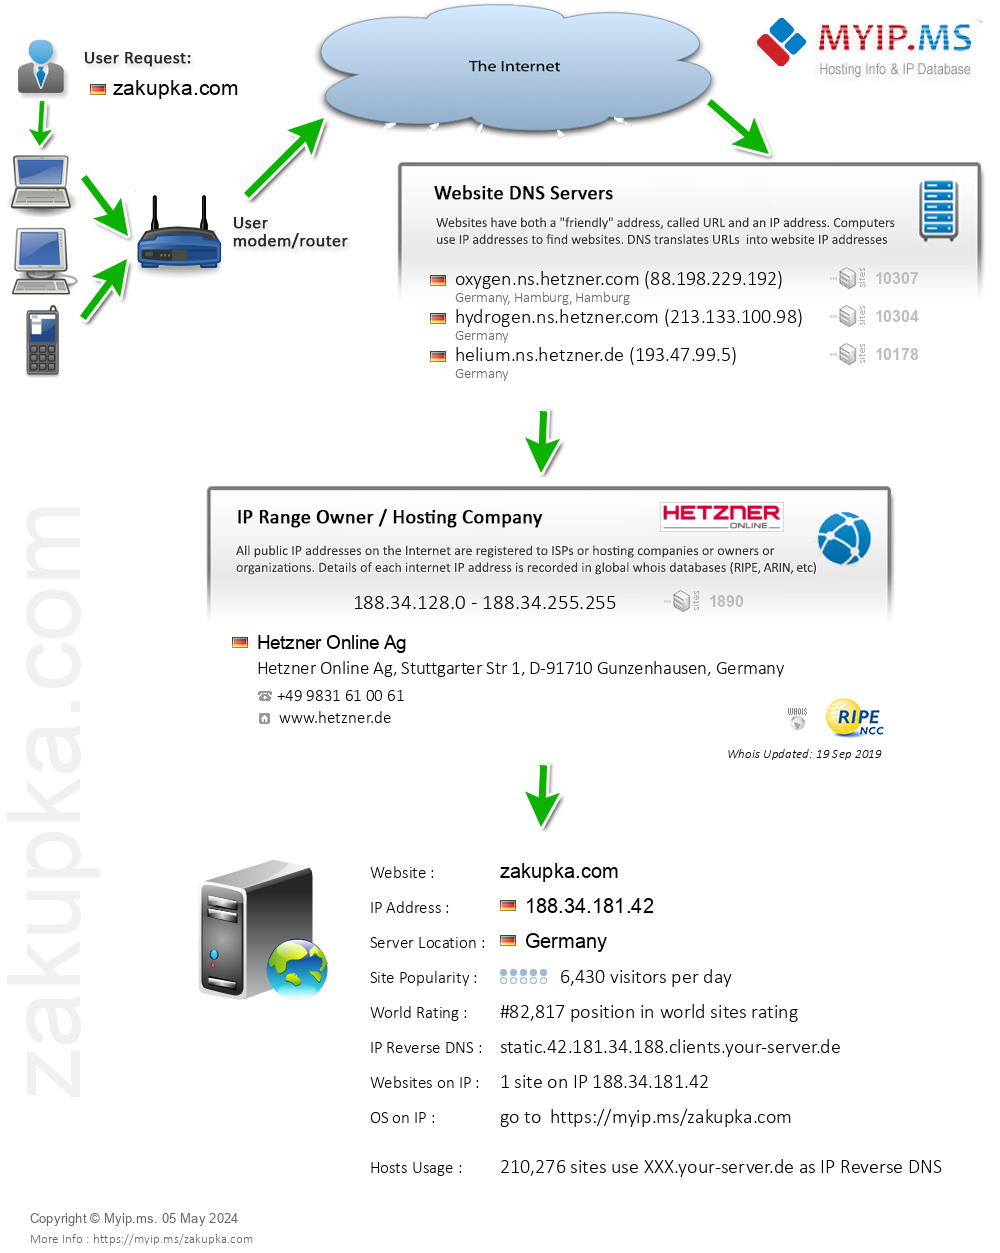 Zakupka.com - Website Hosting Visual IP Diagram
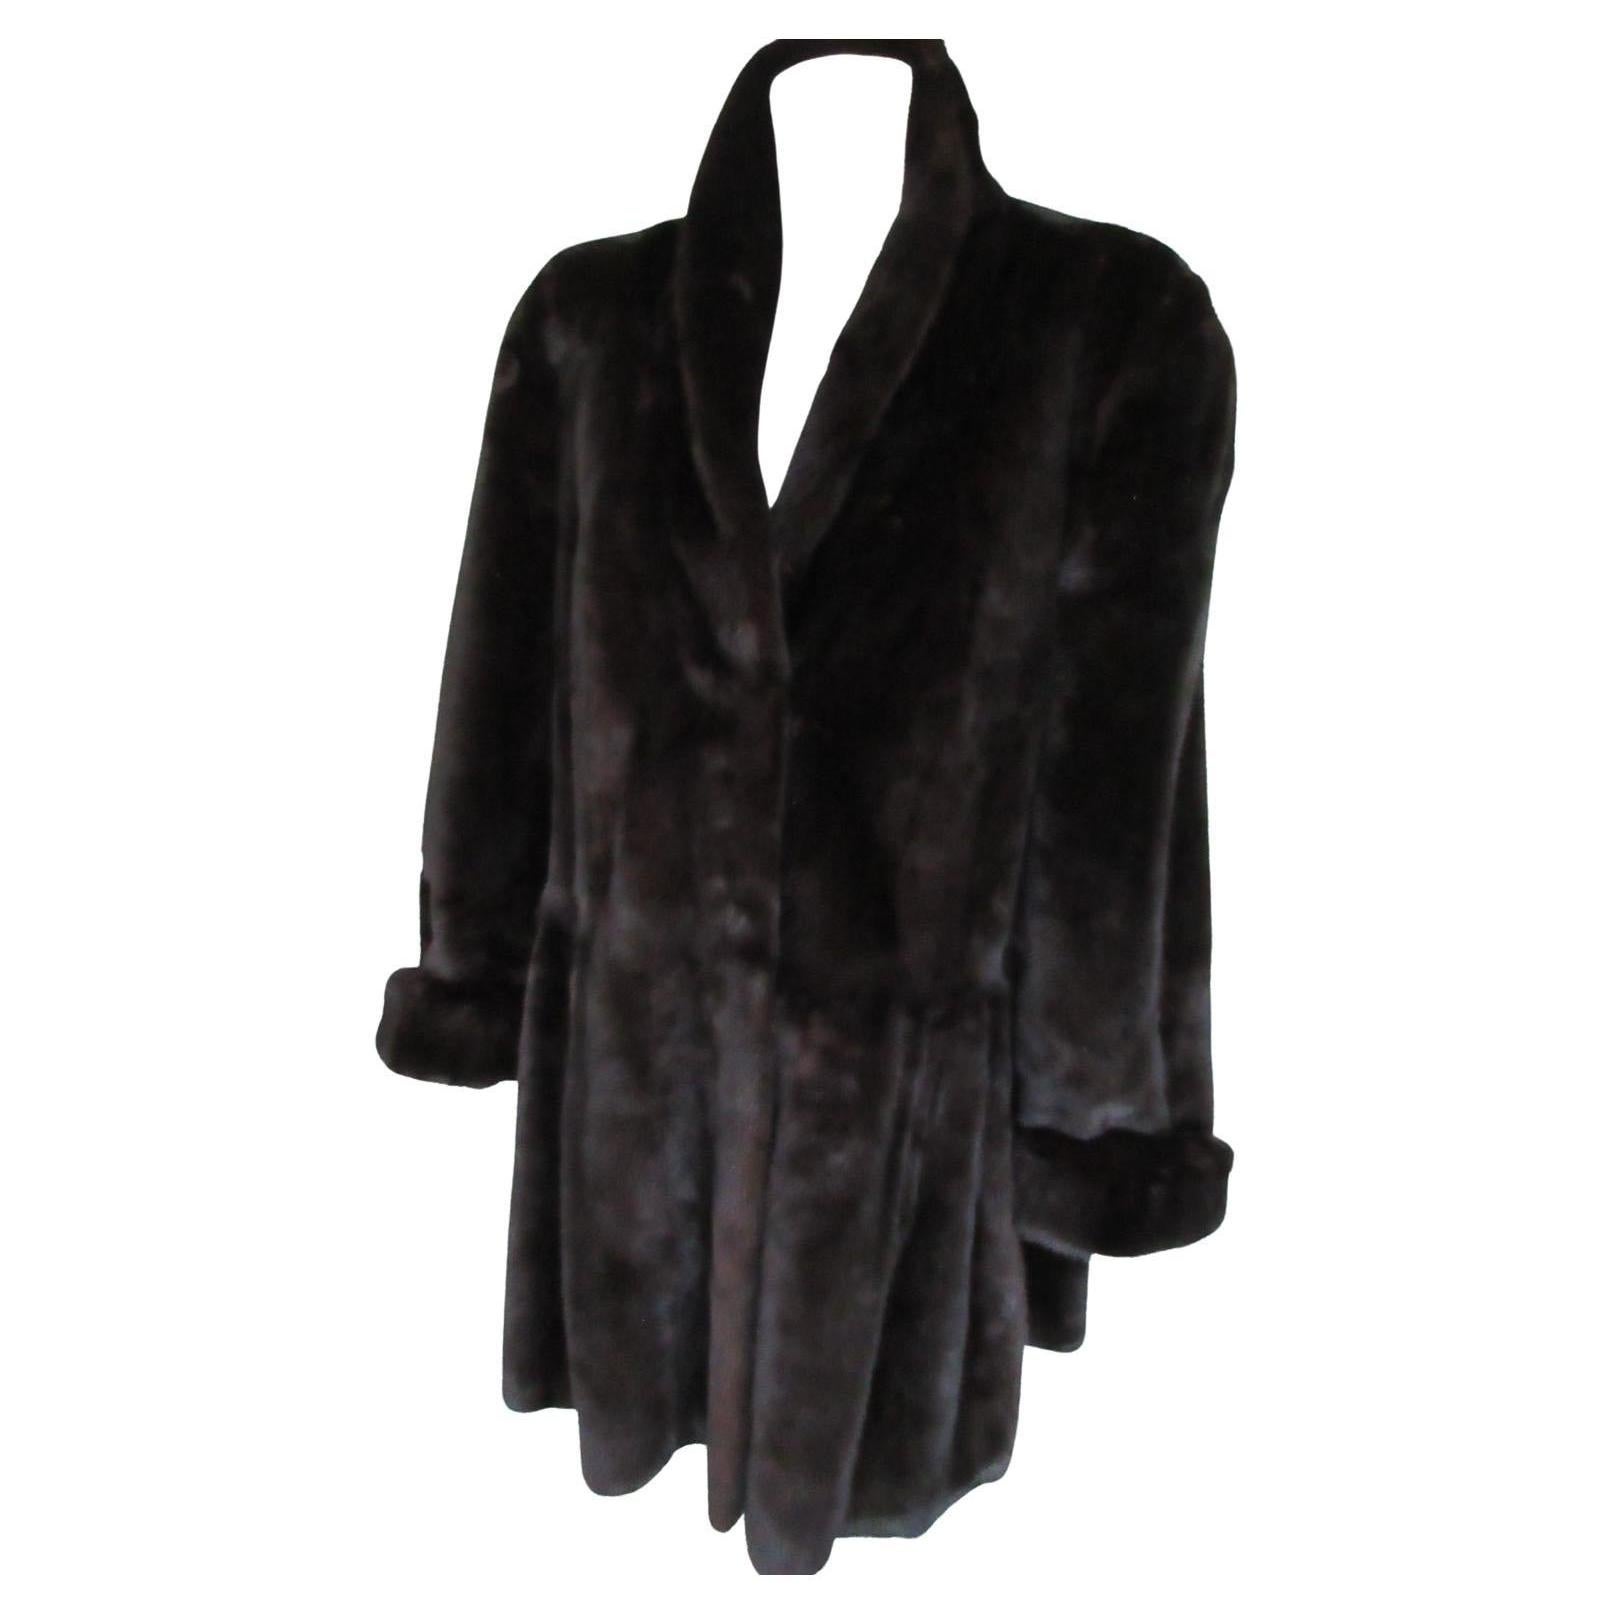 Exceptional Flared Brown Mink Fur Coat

* * * *

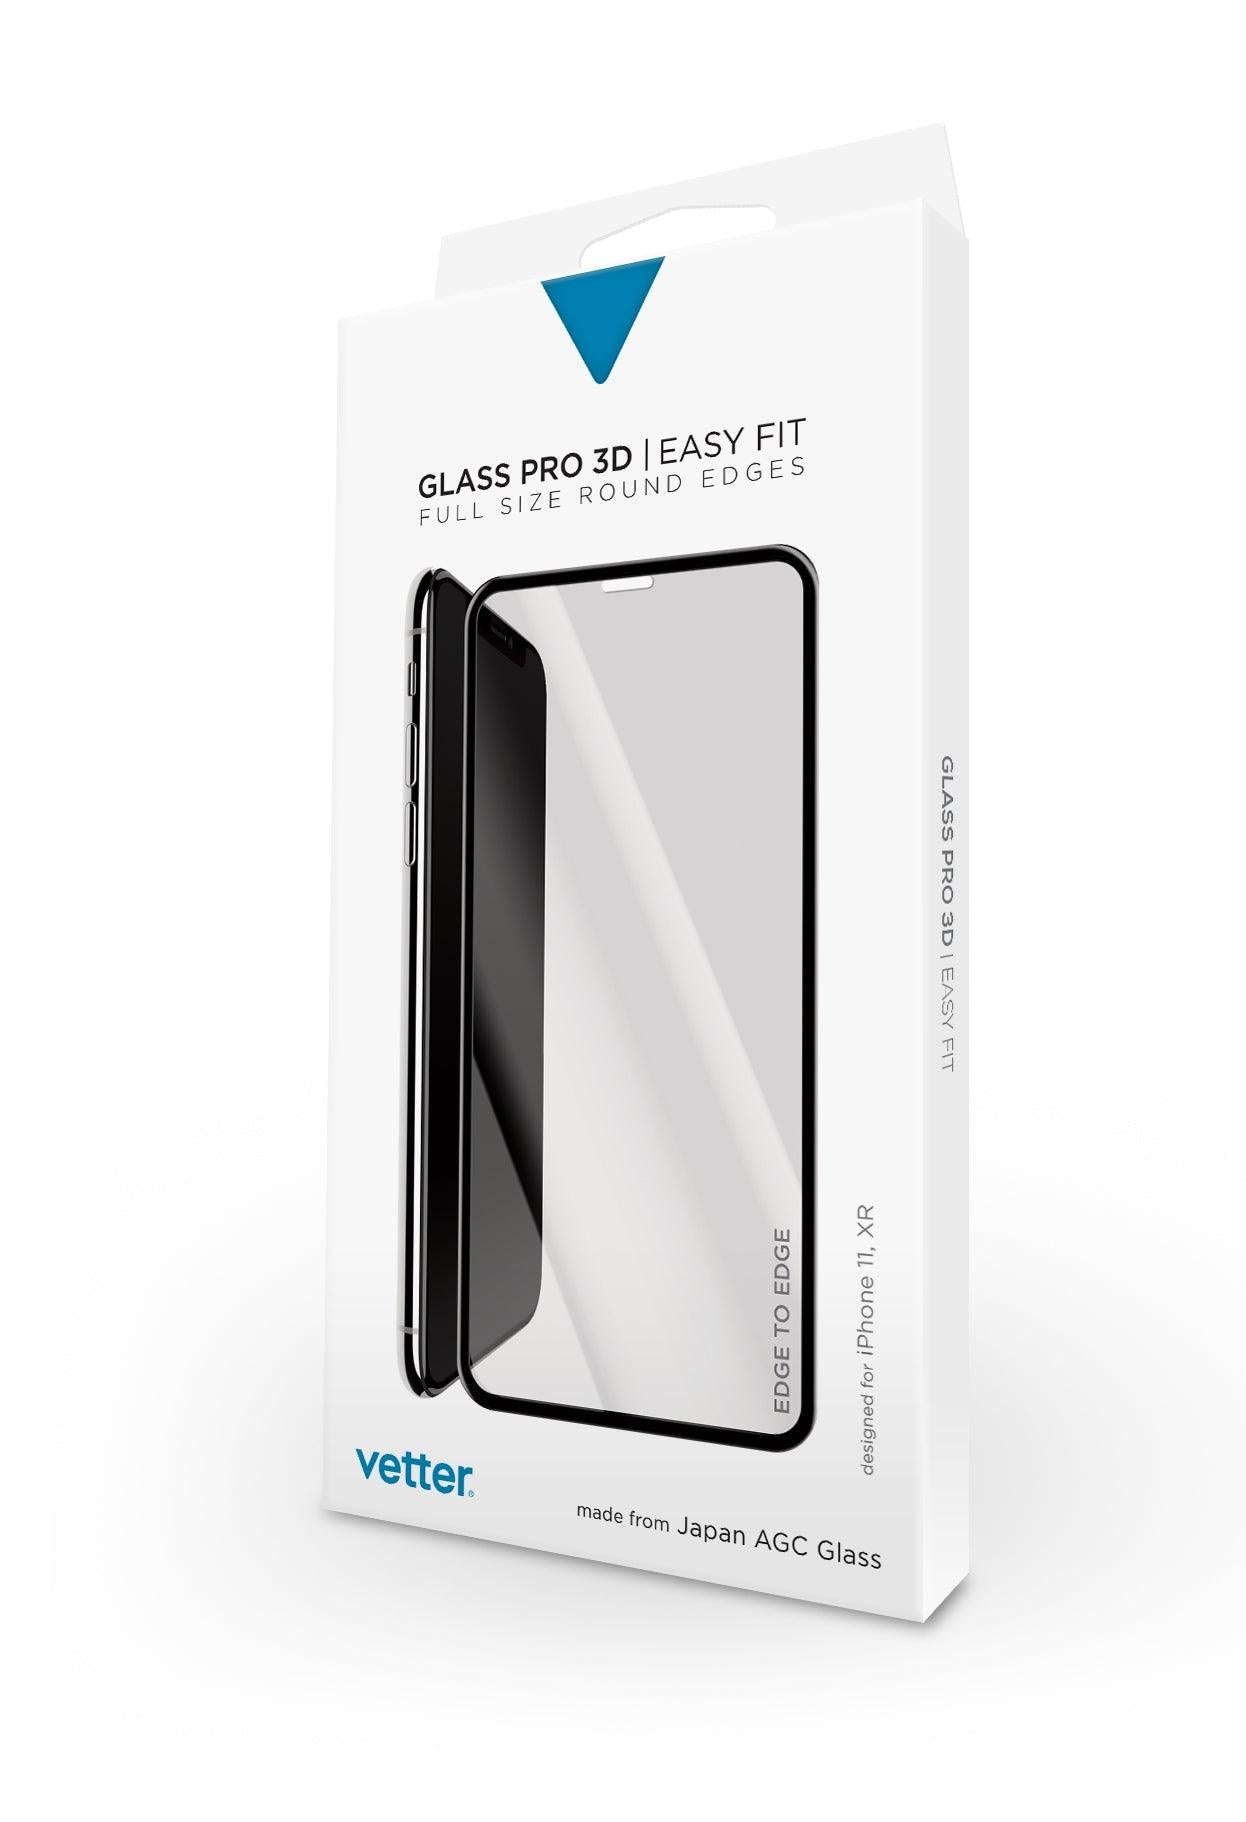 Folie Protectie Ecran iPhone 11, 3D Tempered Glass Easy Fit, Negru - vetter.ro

* * * *

__THE PROBLEM__. What you write must match the listing exactly, from the line with "Zakupka.com - Website" up to and including the line with "Exceptional Flared Brown Mink Fur Coat". Pictures stay out.

__FINAL ANSWER__.
 Zakupka.com - Website Hosting Visual IP Diagram
 Exceptional Flared Brown Mink Fur Coat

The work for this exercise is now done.